Reading: Different Scales

One of the other things we noticed whilst travelling around Reading: An Open Gallery, was that many works we encountered caused us to investigate the scale of either ourselves or the exhibit we were experiencing.

Take, for instance, the chairs positioned on the pavement outside the Autistic Shop. In this shot they are obscured behind the knees of the man passing by on the left.

Tiny Office Chairs, installation piece, found materials, the Autistic Shop, Reading, artist unknown.

On their own the chairs maybe don’t appear to be so small, but as soon as Mark sat on one of them, we began to ask ourselves questions about the scale of things. Are we too big for the chairs, or are the chairs too small for us? Who actually uses the chairs? At which age group of human beings are they aimed? Apparently office-like in design, in scale they recall the chairs in use at primary school. The experience of encountering such diminuitive ‘adult’ furniture made us begin to feel that perhaps the world was shrinking around us.

Perhaps we are giants?

Our sense of our size in the world was further challenged by some this tiny knitting, discovered in Fanny’s Antiques, another installation taking the familiar shop form in its design and configuration.

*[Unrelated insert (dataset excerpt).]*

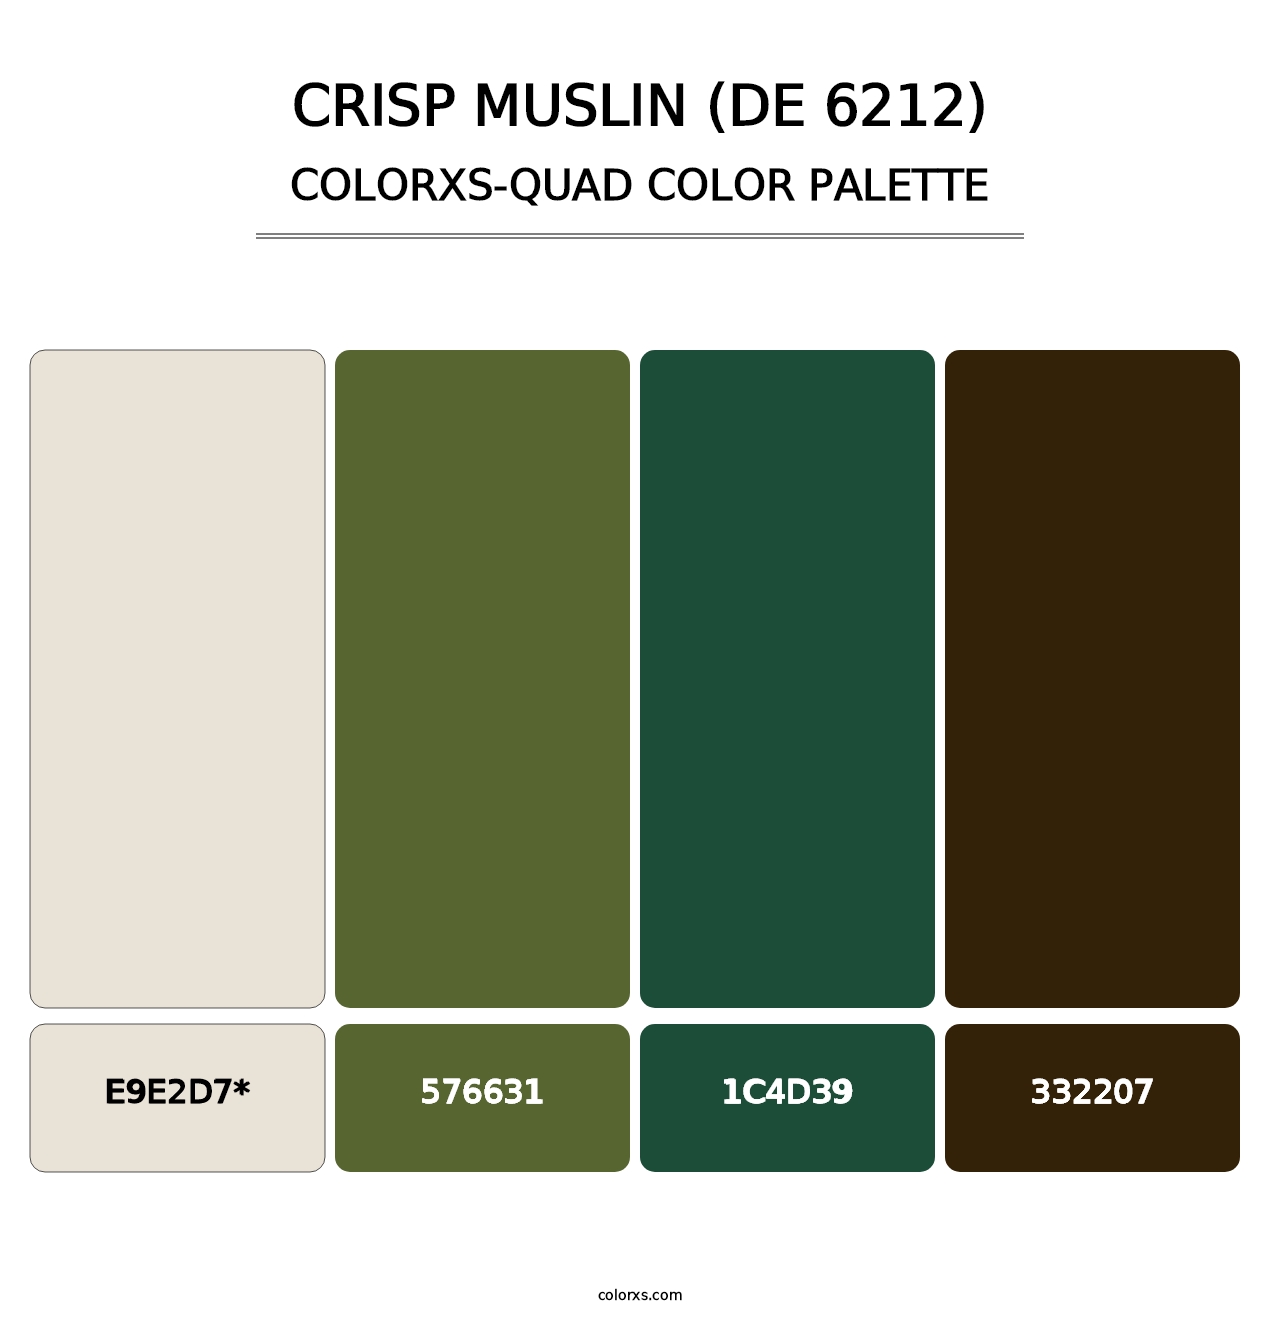 Crisp Muslin (DE 6212) - Colorxs Quad Palette

Tiny Knitting Basket, thread, basket, nails, glue, plastic flowers, fabric scraps, found materials, sculpture, artist unknown.

This whimsical work evoked for me the sense of being able to access a tinier, and somehow younger, aspect of myself. It was the only artwork I actually bought during Reading: An Open Gallery as it was the only work of art which had to be purchased in order to be experienced. You see, this is a site-specific work intended to be encountered inside a pocket.

The lines on the background behind the basket are the lines on my notebook as I scribbled about all the Art to be seen around this city. So you see the knitting really is tiny, or maybe in the process of exploring Reading: An Open Gallery, we grew bigger?